Embedded applications, in particular, have some peculiar requirements. Usually, their real-time
nature limits both space and time resources that can be spent on searching. Regular periodic
deadlines and highly dynamic search/insertion/deletion environments make undesirable those
algorithms that have periodic complex restructuring requirements, such as rebalancing of trees or
elimination of lazy deletion nodes. Algorithms that produce unpredictable characteristics in the
storage structure, based on key length, key insertion order, or key value, introduce too much
uncertainty into the dynamic allocation requirements and can unpredictably break deadlines. For
example, in binary search trees, one of the most fundamental search algorithms in computer science,
if the keys inserted are not in random order, the tree can be very unbalanced and result in
worst-case searches requiring N key comparisons for N nodes.

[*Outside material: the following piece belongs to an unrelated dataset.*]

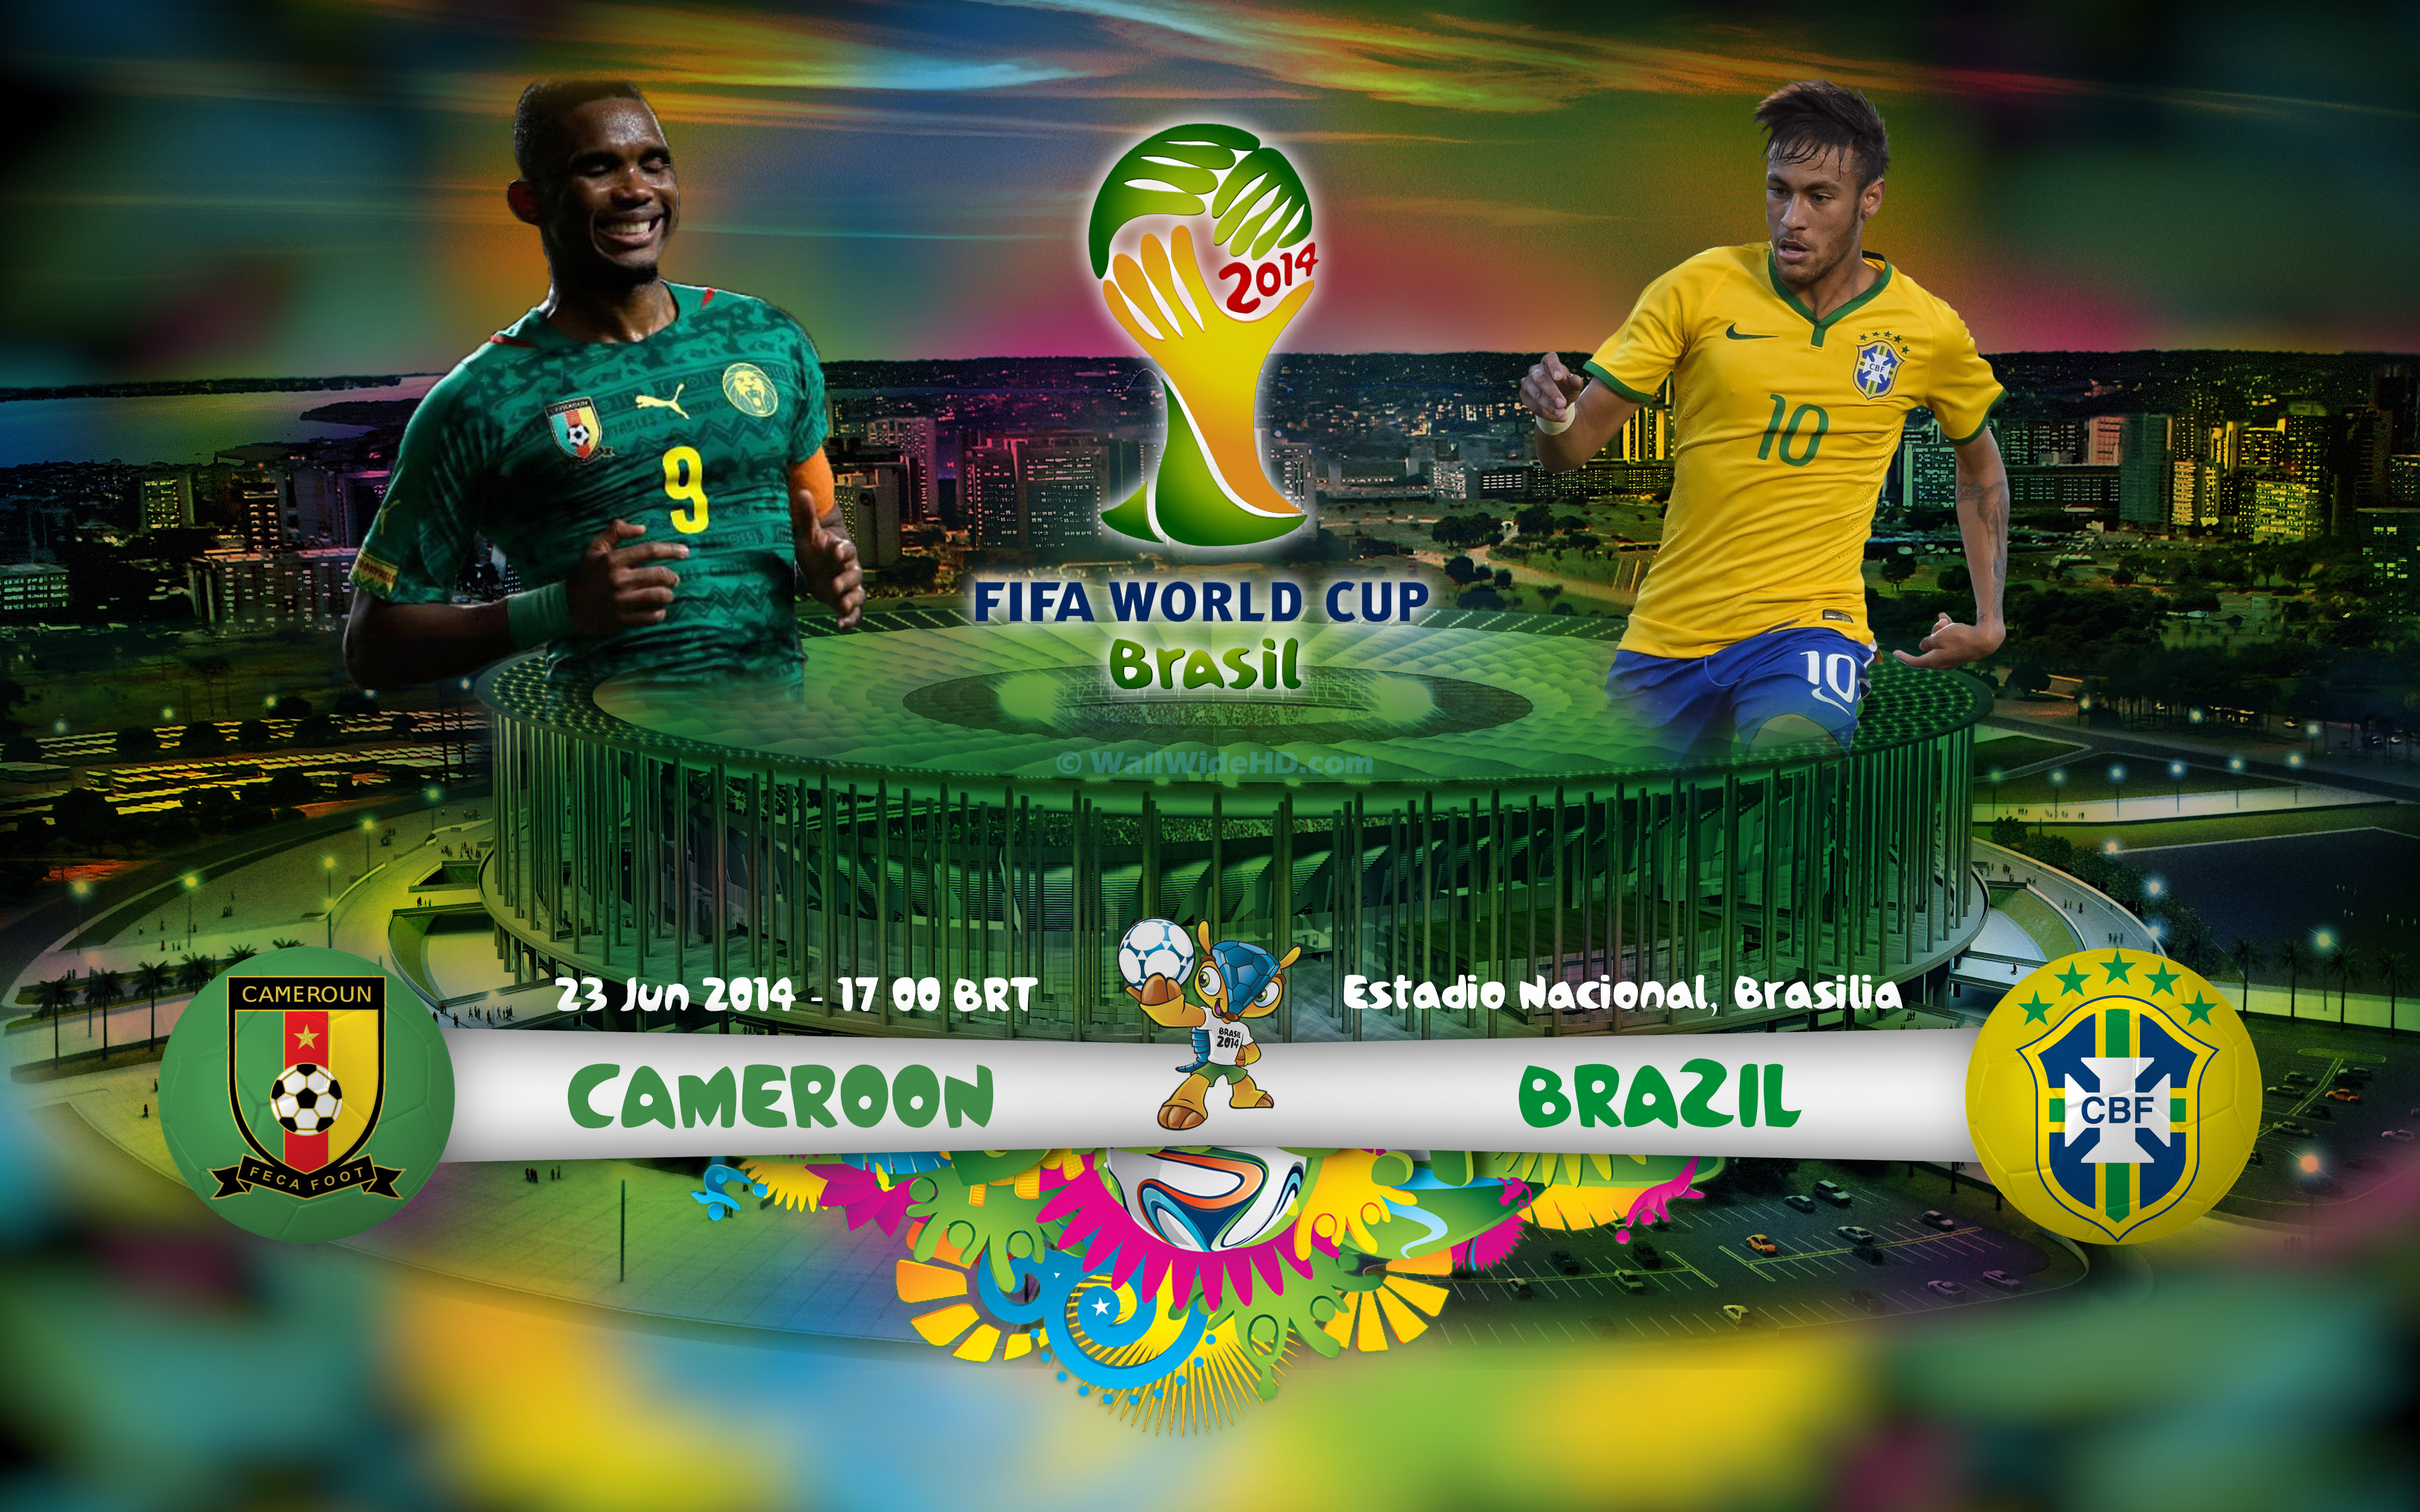 Cameroon-vs-Brazil-2014-World-Cup-Group-A-Football-Match-Wallpaper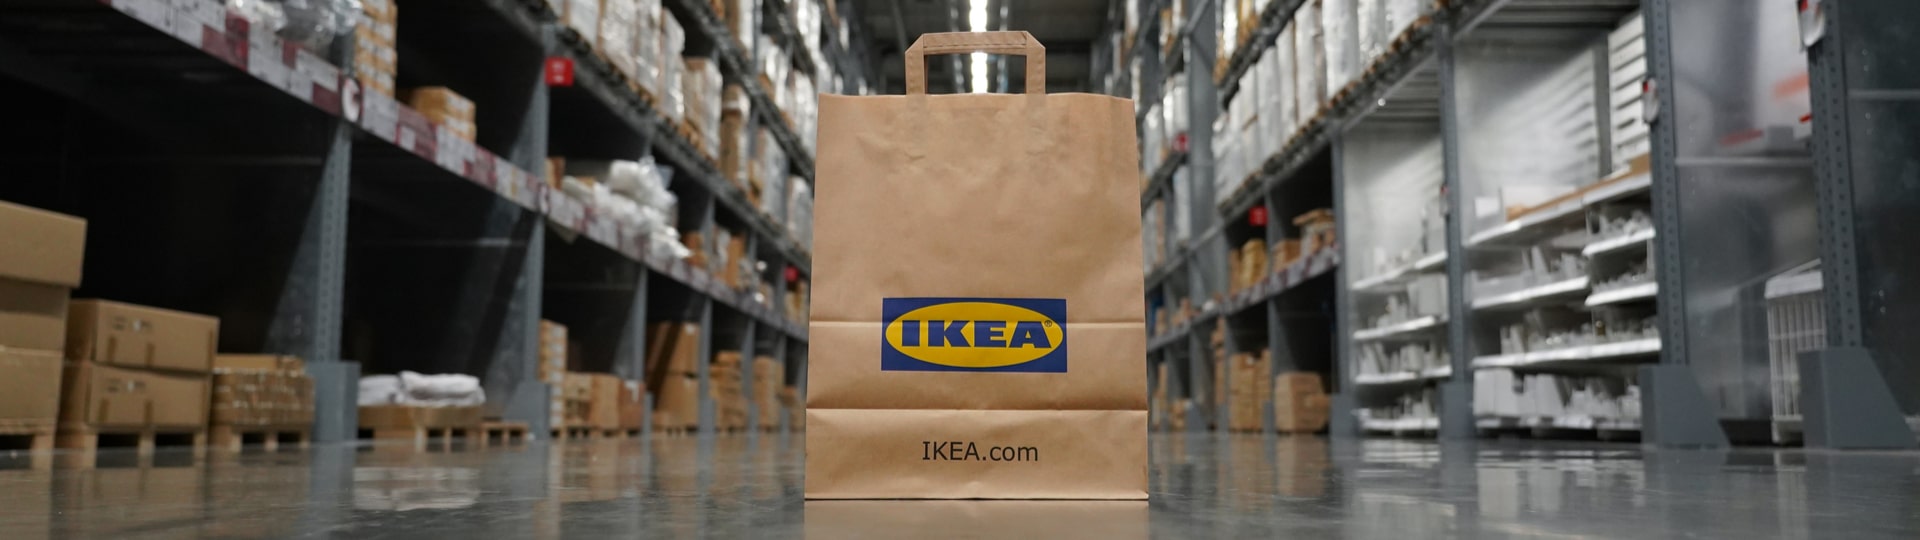 IKEA investuje do úpravy mimoměstských prodejen

I do not intend here to survey the vast field of search algorithms. Nor do I intend to
justify/quantify even the most typical parameters characteristic of the algorithm that I selected,
such as average search/worst-case search/insertion/deletion times or sort complexity. Many fine
texts cover, in great depth, the mathematically precise calculations of these characteristic
parameters. The text I relied on most heavily was Robert Sedgewick's classic Algorithms in C.(Ref 1)

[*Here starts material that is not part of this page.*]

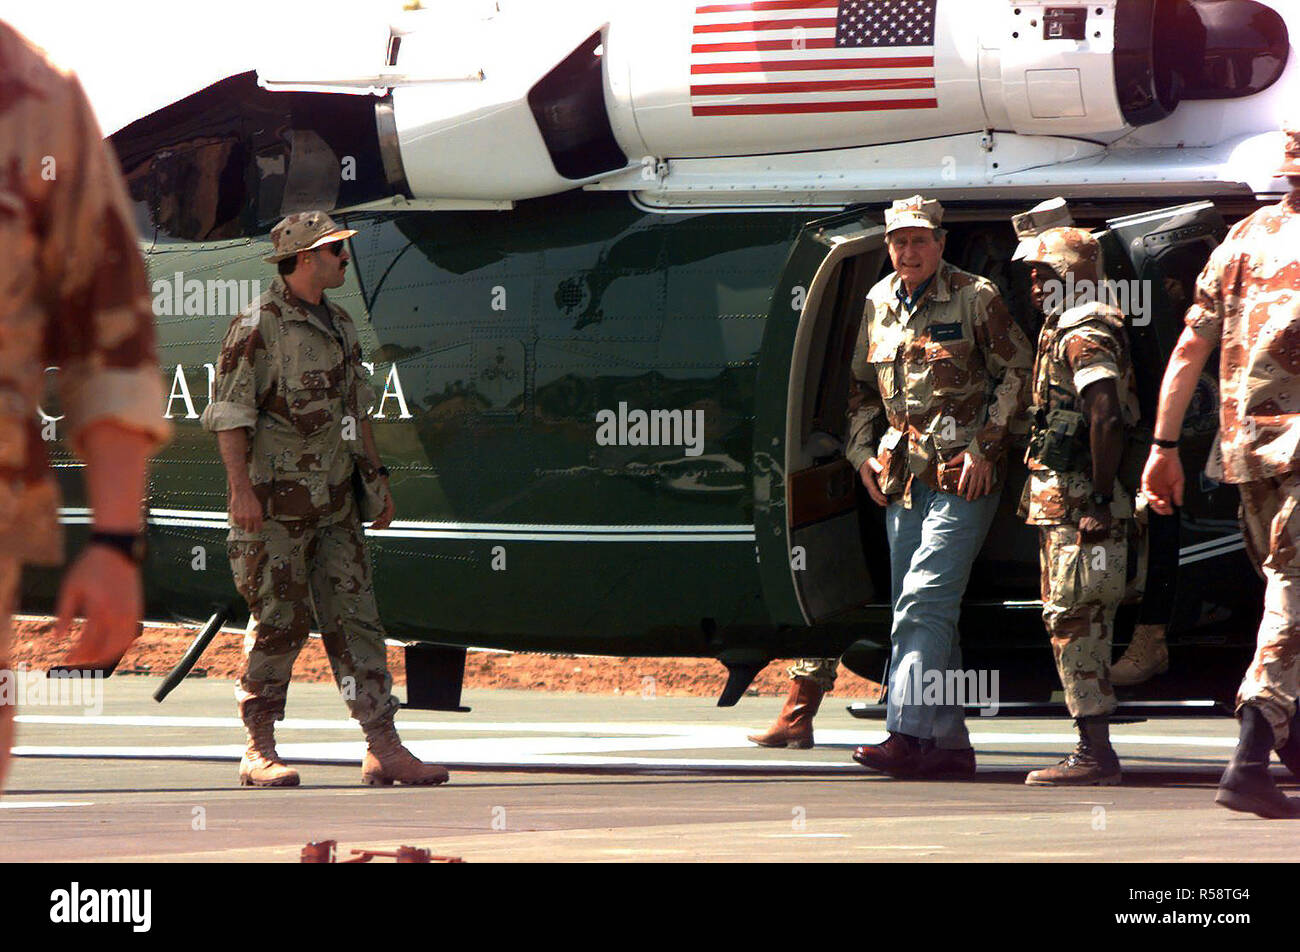 1992 - Präsident George Bush kommt an der Amerikanischen Botschaft auf ein UH-60 Blackhawk Helikopter. Stockfoto

I intend merely to present an implementation of an existing algorithm, modified for deletion, that I
have found to be extremely useful in highly dynamic situations.
Application environment
I started out with a specific application in mind, and the particular requirements of that
application drove my investigation of search algorithms. I work in the Air Traffic Surveillance
group at MIT Lincoln Laboratory on the GPS-Squitter project. We do aircraft surveillance research
for the FAA with a combination of the GPS satellite system, Mode S transponders on the aircraft, and
Mode S receivers on the ground, all linked together in a Sun SPARCstation central control computer.

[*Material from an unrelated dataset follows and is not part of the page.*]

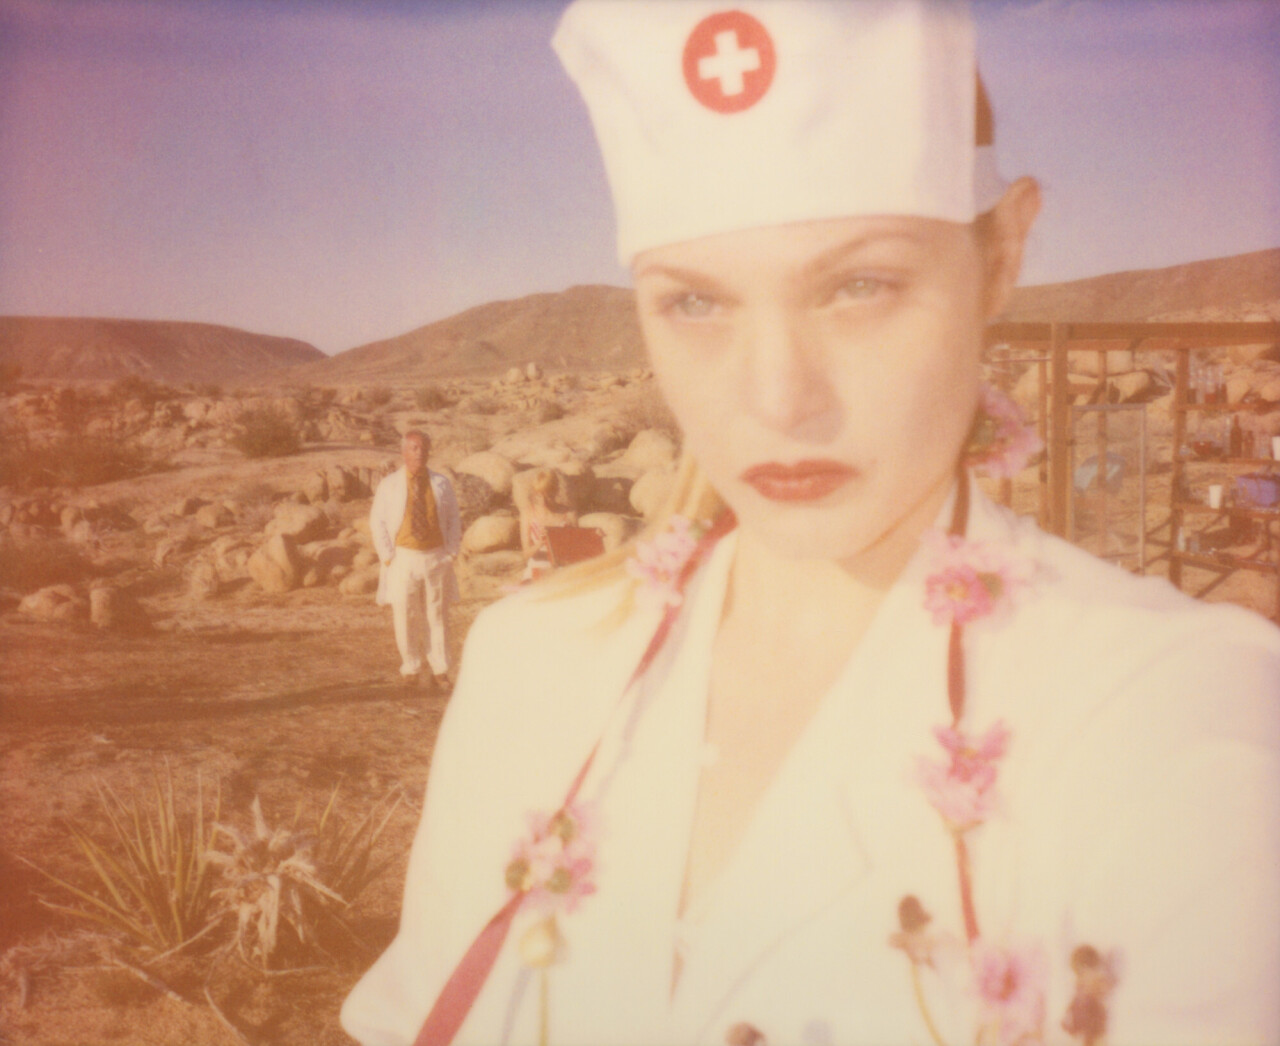 Медсестра (Heathers Dream) из фильма «Девушка за белым частоколом» , 2013 г., полароид. Фотограф Стефани Шнайдер

The basic surveillance concept is as follows: GPS signals, available globally, are received by the
target aircraft, decoded into latitude, longitude, and altitude, and encoded (with additional
information such as Mode S address, time, squitter type, and turn indicator) into a 112-bit long
squitter that is broadcast by the Mode S transponder every half-second. The ground Mode S
receivers—there are usually several of these at an airport or in the general surveillance area—pick
up these broadcasts and link them to the central control computer. The key here, literally, is the
Mode S address. These addresses are 24 bits long and uniquely identify each aircraft. They translate
into the tail identification numbers seen on aircraft. The central control computer picks up
receptions from all the Mode S receivers and decodes the information for storage, based on the
target Mode S address. Currently, there are relatively few long squitter broadcasting aircraft. Most
aircraft broadcast short squitters that have only the Mode S address for identification purposes. My
initial central control computer implementation used a simple linked list to store long squitter
targets only. This arrangement is fine with only several test aircraft targets. Later versions of
the software required monitoring short squitter activity also, and because most commercial aircraft
broadcast these, the world of aircraft to be monitored in a high-traffic terminal control area went
immediately from several to several hundred. Thus my search for a new storage algorithm.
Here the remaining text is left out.